While the field of your flag must be new in the details of its design, it need not be entirely new in its elements. There is already in use a flag, I refer to the flag of the East India Company.
- Benjamin Franklin to George Washington (possibly apocryphal)
Many readers, when reading The Artificial Polis, may have thought that I was describing our country.
I assure you, I was not attempting to do so at all. I was describing Polis qua company. America is an Empire.
I’m fairly certain that there’s enough blood relations and follow through to describe DC as a natural Polis, not an Artificial one.
However, our country is not an artificial Empire. It really rules us. However, it does so so poorly as to destroy all it touches, and undermine its own strength. By which I mean that it has done all it can to destroy all ties that it’s own citizens has to their locales, and even recently, to the empire itself! Many will argue, and indeed have argued, that this make America stronger. That, unlike the East, being tied primarily to the Empire rather than local cities, states, or a Polis makes people stronger. Obviously in East and West go Toe to Toe we see that this is not the case.
Here, I will argue, that the loss of locality in itself necessitates that you will have less loyalty to the to the Empire after you destroy enough ties to a person’s locale. For, if they have no home at all, no locale, why would they be tied to your Empire rather than someone else’s?
For, you see, the Virtue of pride in one’s nation is an outgrowth of love of one’s Father and Family. Of one’s Polis.
It destroyed Polis, and then tried to sell us on the the idea of nation, built on buy in to a constitution. That’s it, all they have. An artificial idea, perfect for the an Empire of lies.

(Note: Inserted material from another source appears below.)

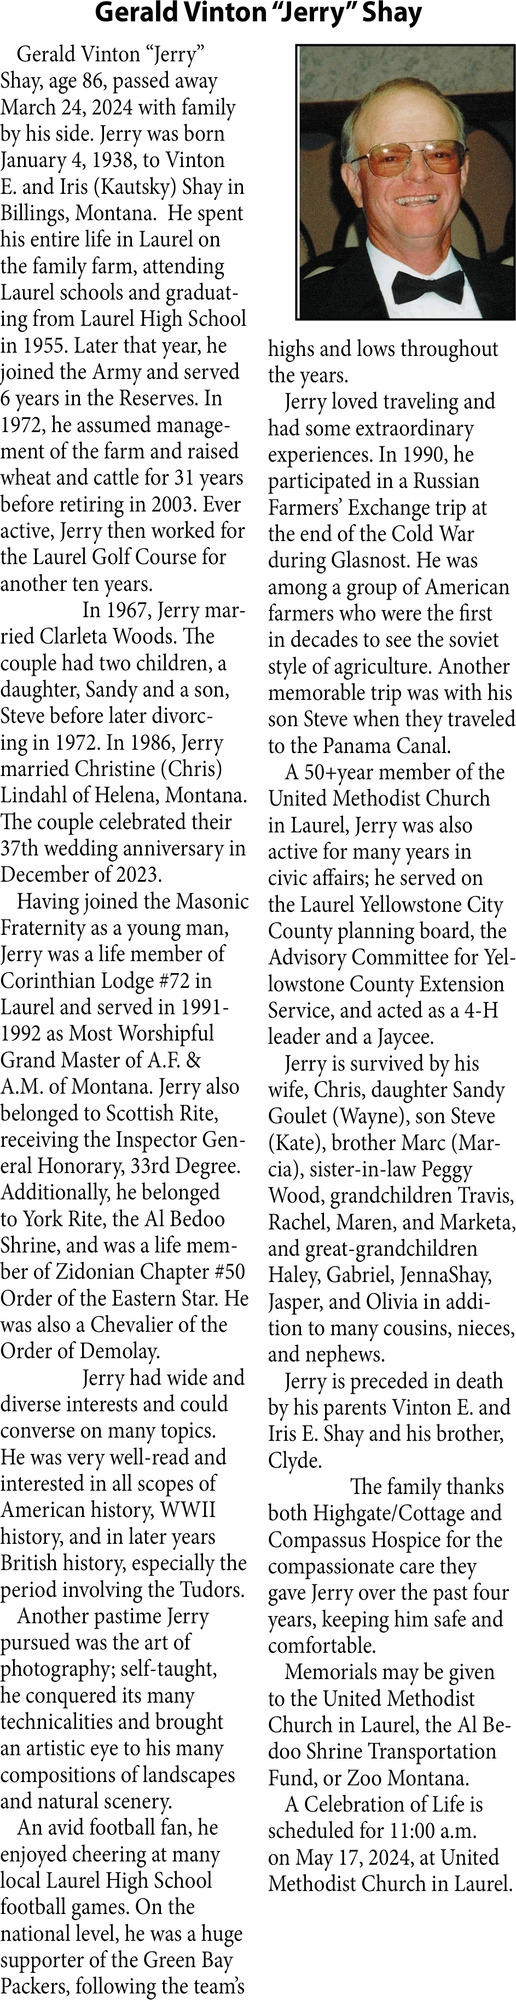 Gerald Vinton "Jerry" Shay, Obituaries, Glendive, MT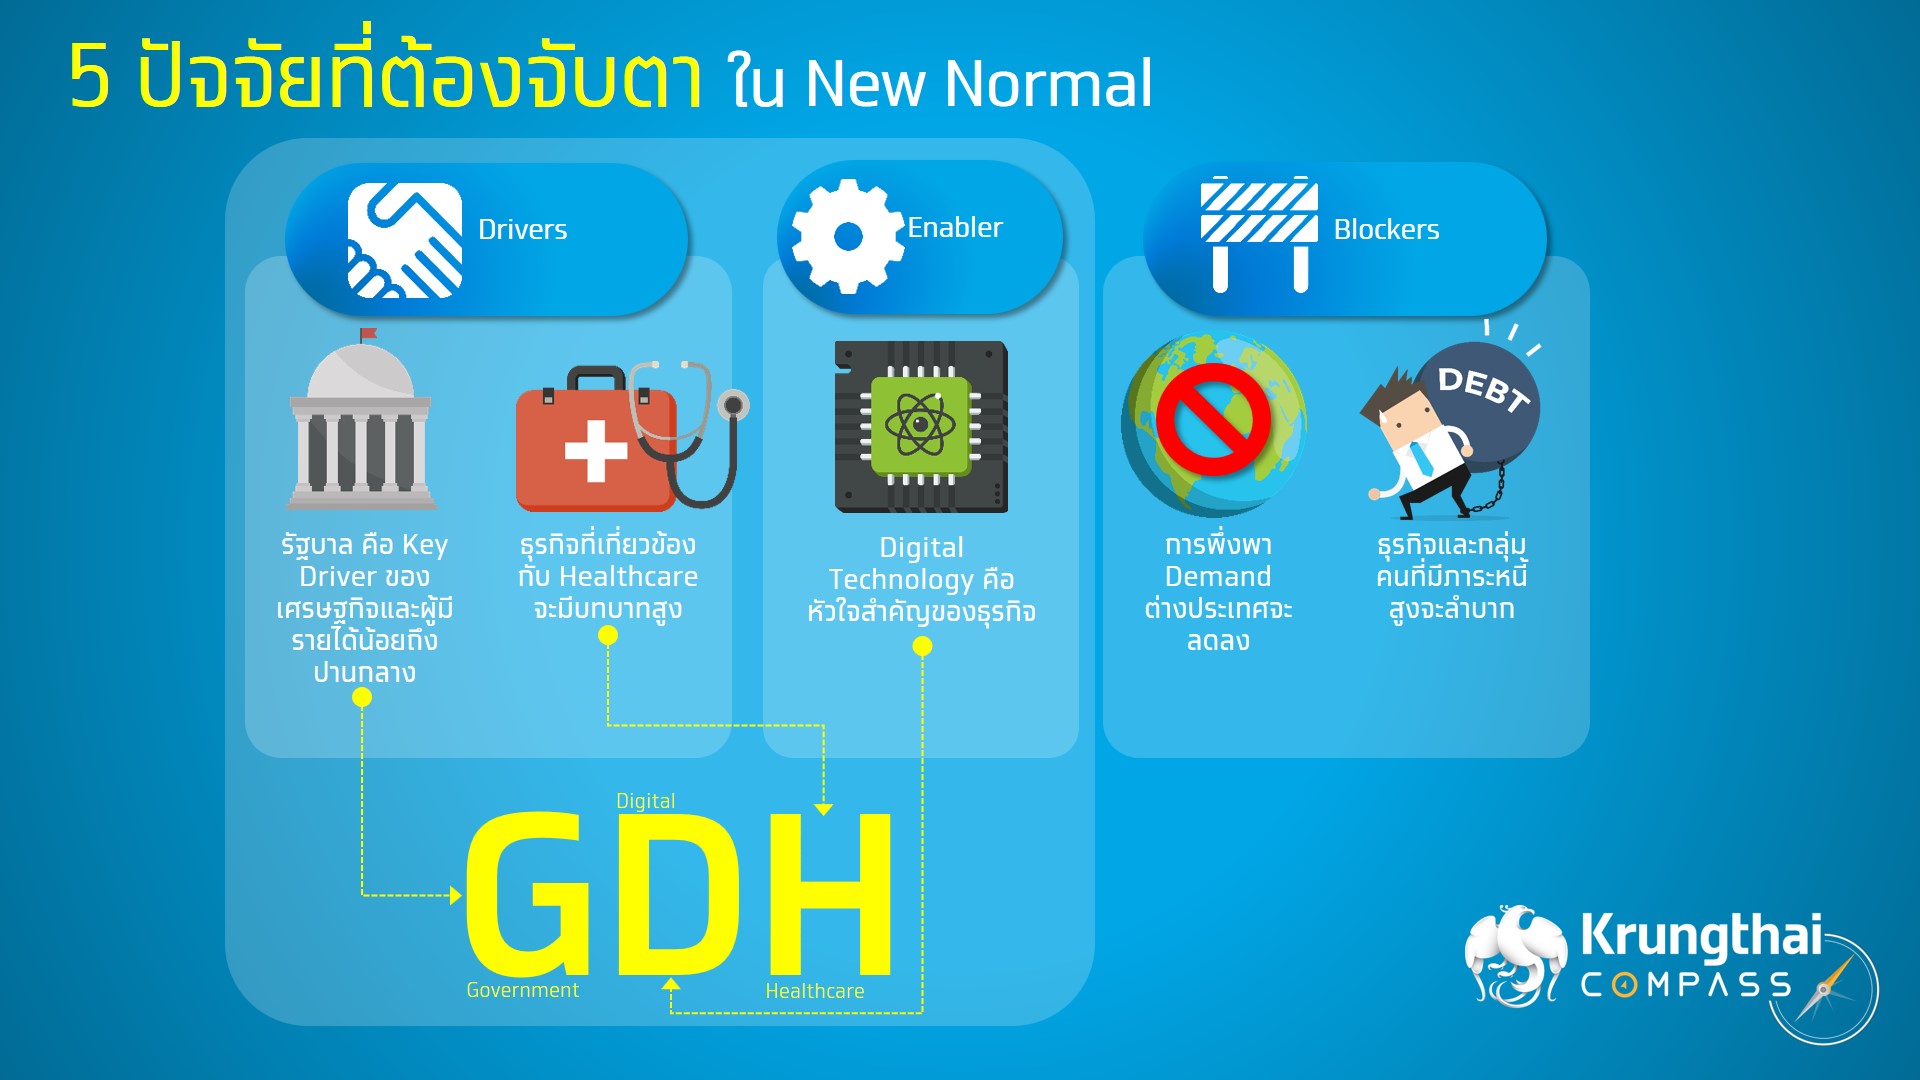 กรุงไทยแนะ 3 ตัวขับเคลื่อนเศรษฐกิจไทยในยุค New Normal

If you destroy Fatherhood, the Family, and the Polis; how will they fight for the Empire?
If Clear Channel Radio destroys local radio and music, why would they fight for the love of awful music one can’t connect with? Would one not fight harder for a song he heard playing, that was composed by his uncle and played on the radio?
If McDonalds puts his family’s restaurant out of business, why would he join up?
If the cars are all made in Japan he can’t work on a beater with his friends in high school, how will he learn to be a mechanic for the air force?
If the empire imports foreign labor at high school rates, how can he afford to court the girl he likes, or learn pride of work in trades like carpentry and drywall?
If the myth of the founding of the Empire is that we fought for Liberty, Equality, and Fraternity, then why did we adopt the flag of a ravenous, usurious trade company that the average man of the day wouldn’t have known?
The myths continued deepening, melting our minds in their lies and in the pot.
My dear readers.
The soldier has destroy any chance we’ve had at a Polis, the poet enchanted us to the lies, and the people in DC enslaved to the greed and hedonism. By destroying fatherhood, family, and congregating in a Polis by blood relations, they made it impossible for us to to come to understand, and thus pursue, the common good.
When they destroy the Polis, they destroy the very thing that would make anyone that is ruled by them loyal, strong, and indebted to them for their good rule over those whom they rule.
Stop accepting it.
I answer that, man becomes a debtor to other men in various ways, according to their various excellence and the various benefits received from them. On both counts God holds first place, for He is supremely excellent, and is for us the first principle of being and government. In the second place, the principles of our being and government are our parents and our country, that haven given us birth and nourishment. Consequently man is debtor chiefly to his parents and his country, after God. Wherefore just as it belongs to religion to give worship to God, so does it belong to piety, in the second place, to give worship to one’s parents and one’s country.
The worship due to our parents includes the worship given to all our kindred, since our kinsfolk are those who descend from the same parents, according to the Philosopher (Ethic viii, 12). The worship given to our country includes homage to all our fellow-citizens and to all the friends of our country. Therefore piety extends chiefly to these.